Wednesday, February 4, 2009
Workplace Rants
I would like to preface this blog by saying that I am by no means a naturally pugnacious or angry person. I’m quite the opposite. I am, however, cynical as hell. Also, certain office-setting scenarios require ranting about. They just do. Trust me.
*Disclaimer: Names have been changed (or omitted altogether) to protect the guilty.*
It is irritating when:
- The woman in the office next to you has her phone ringer turned up so loudly that it would not only rouse the dead, it would cause their ears to bleed and kill them a second time. If you’re really that concerned about missing an important call, please have your office phone forwarded to your cell. That way, you can prevent your coworkers from suffering a brain hemorrhage every time your phone rings.
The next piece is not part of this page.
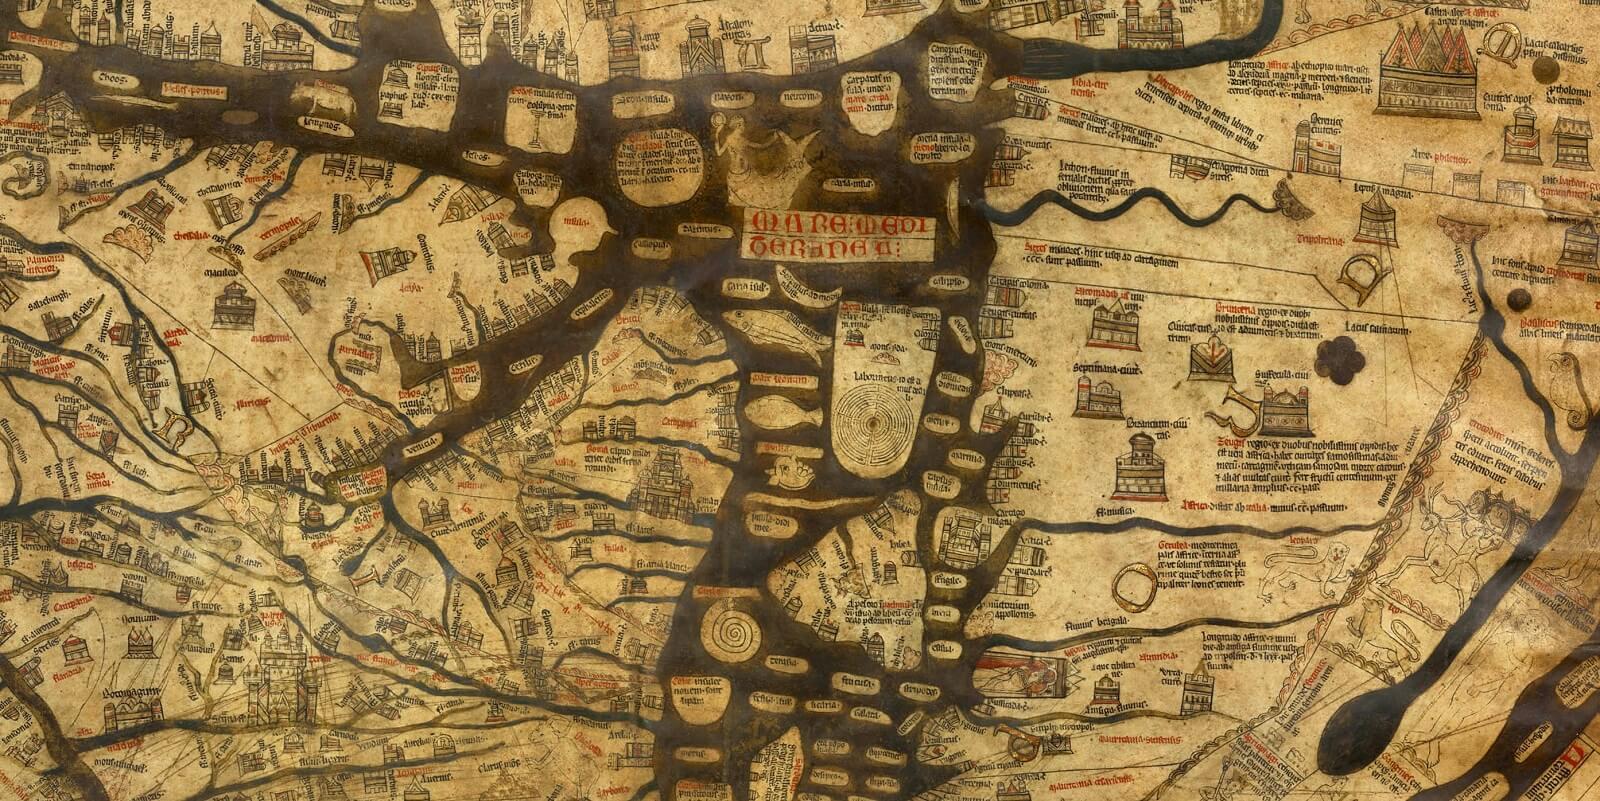 Mappa Mundi di Hereford
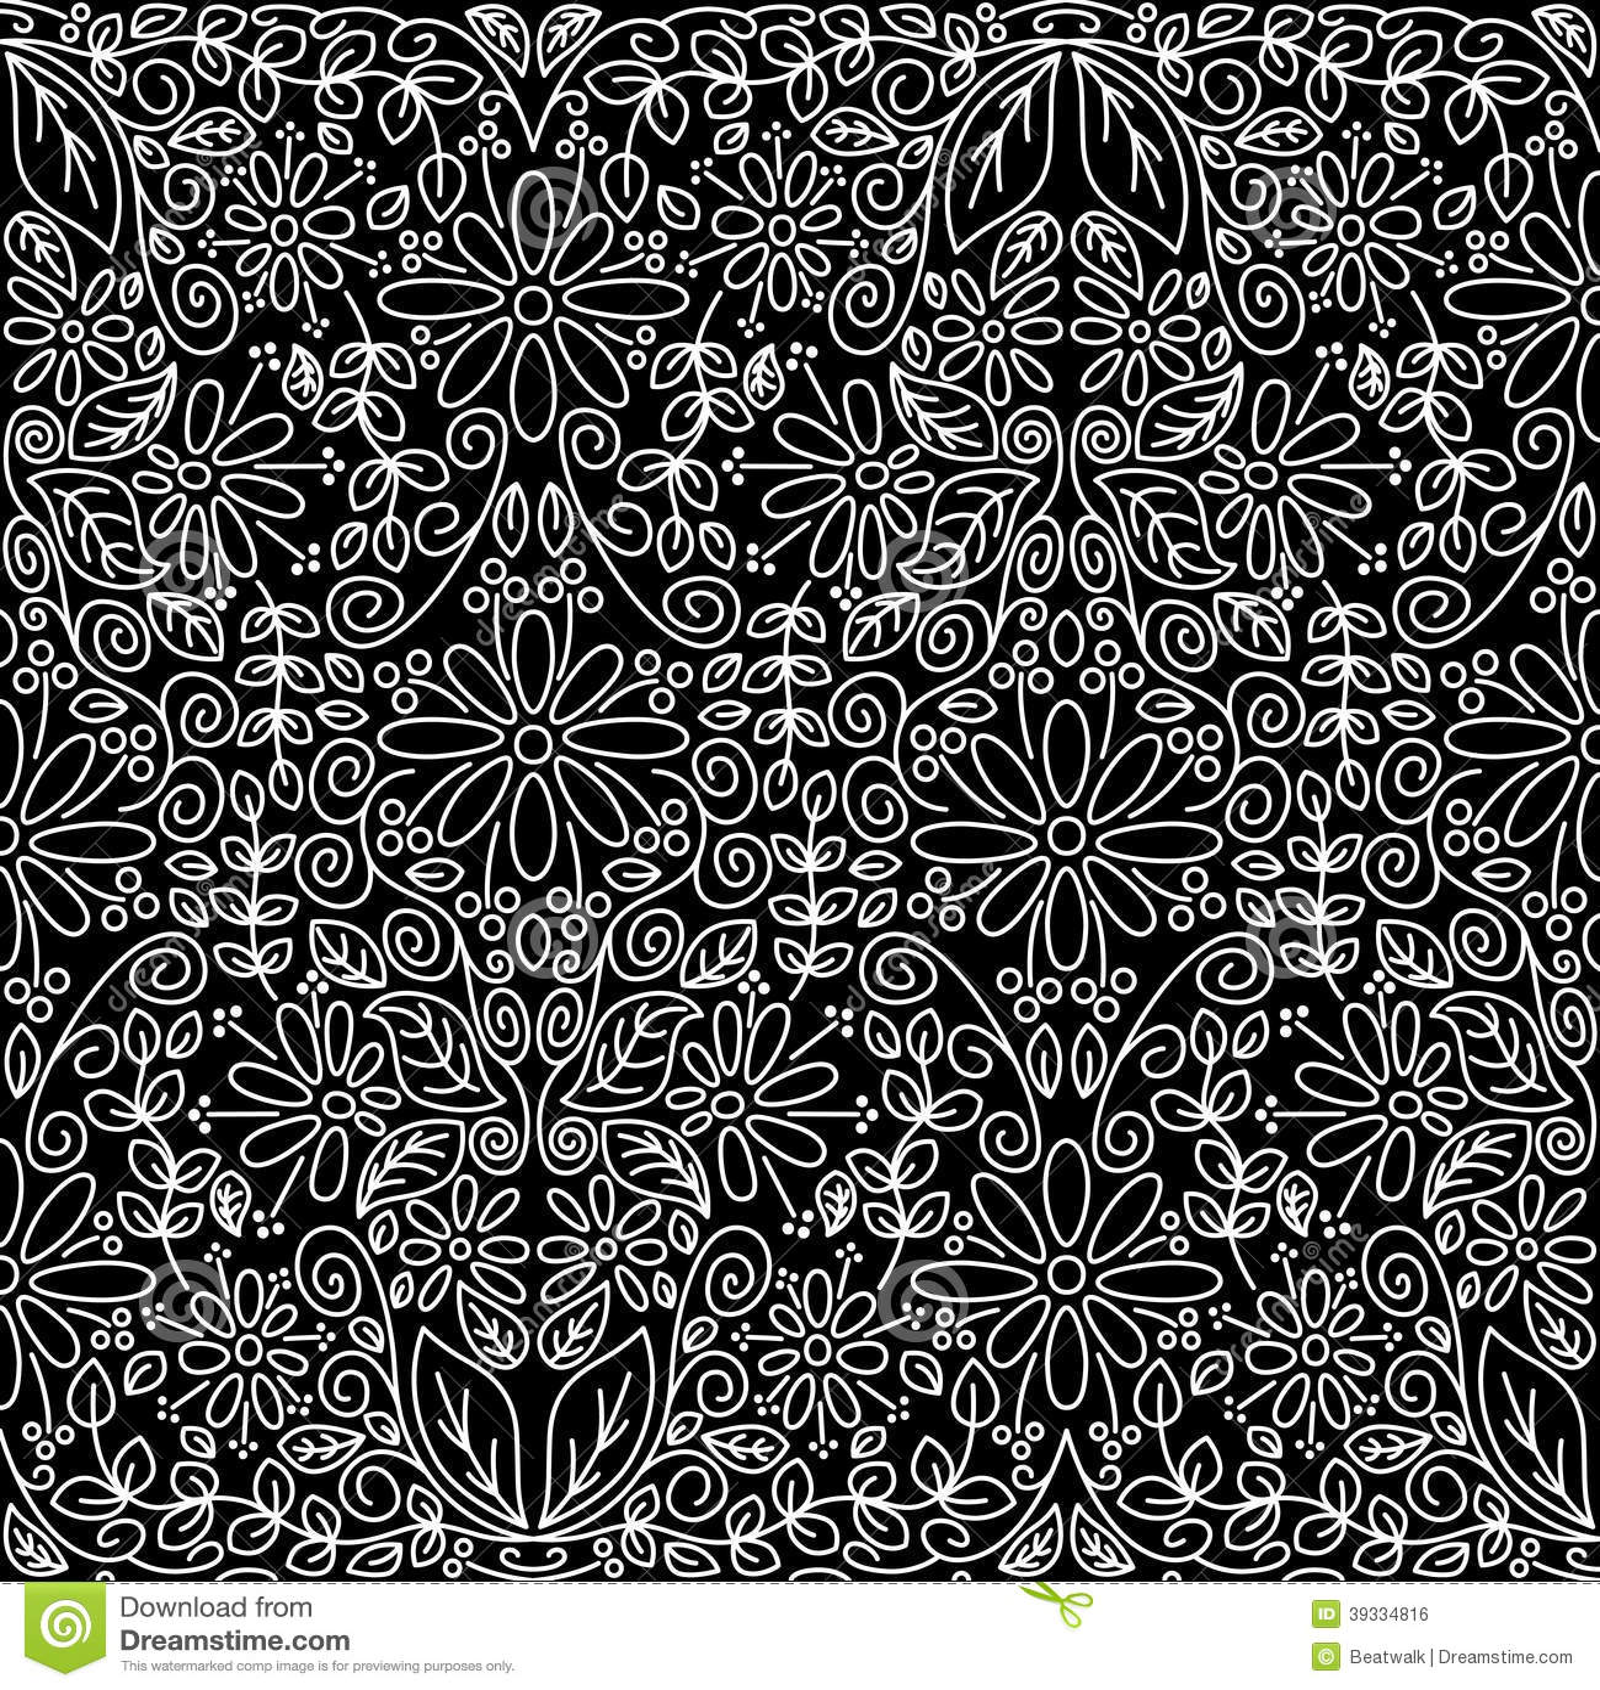 Seamless Vintage Floral Wallpaper

- Kiss-Ass Guy uses any and every excuse to pop into Boss Man’s office (which happens to be located directly beside yours) approximately seven to thirteen times per day. Yes, you keep a count. This is not counting his daily “I’m-headed-out-for-the-day-just-thought-you-should-know!” drop-by. He is bursting to share some tidbit of news with Boss Man, and has tremendous interest in any and every pastime your Boss Man has ever even thought of mentioning. Really, Kiss-Ass Guy, Boss Man can see through you, I promise. **Editor’s note: This generally would not be my problem, and I would be content to overhear Kiss-Ass Guy’s conversations and chuckle to myself, if it weren’t for the fact that Kiss-Ass Guy becomes my problem when Boss Man isn’t there. Which is often.**
- You open the refrigerator shared by everyone on your floor at lunchtime only to discover that the tasty-delicious frozen entrée (my fare of choice is usually Lean Cuisine Lasagna) you brought mere hours earlier has mysteriously disappeared. Later on in the afternoon you overhear a particularly…elderly…coworker (who amazes you with their ability to function successfully in a competitive work environment despite appearing not a day under eighty) complaining about how they could have sworn they brought chicken instead of lasagna for lunch. **Editor’s note: For this reason, I have a box of oatmeal hidden away safely in the bowels of my desk.**
- You’re in a (fairly important) meeting, and you’re having difficulty understanding one of the presenters through the gigantic wad of gum she keeps smacking around. Isn’t checking your gum at the door one of the first aphorisms of at least pretending to be a semi-professional? I know that gum-smacking HAS to be in the Workplace Cardinal Sins manual somewhere. **Editor’s note: But who am I to judge. For all I know it’s Nicorette, and the only thing preventing her from gnawing off my fingers in a nicotine-withdrawal attack.*
- You’re in your office by yourself, productively staring off into space/biting your nails/adjusting your bra/bending over to pick something up from the floor/singing your own version of Cum on Feel the Noize (Quiet Riot just didn’t quite get it)/something equally embarrassing, when Silent Guy strolls in your doorway, completely catching you in whichever moderately-to-extremely awkward act you’re engaged in. It should also be in the Workplace Cardinal Sins manual that employees announce their presence detectably when entering a coworker’s office. **Editor’s note: This prevents uncomfortable encounters, especially with exceptionally awkward and random people like myself.**
I'm sure there are more, but I've ranted enough for one day.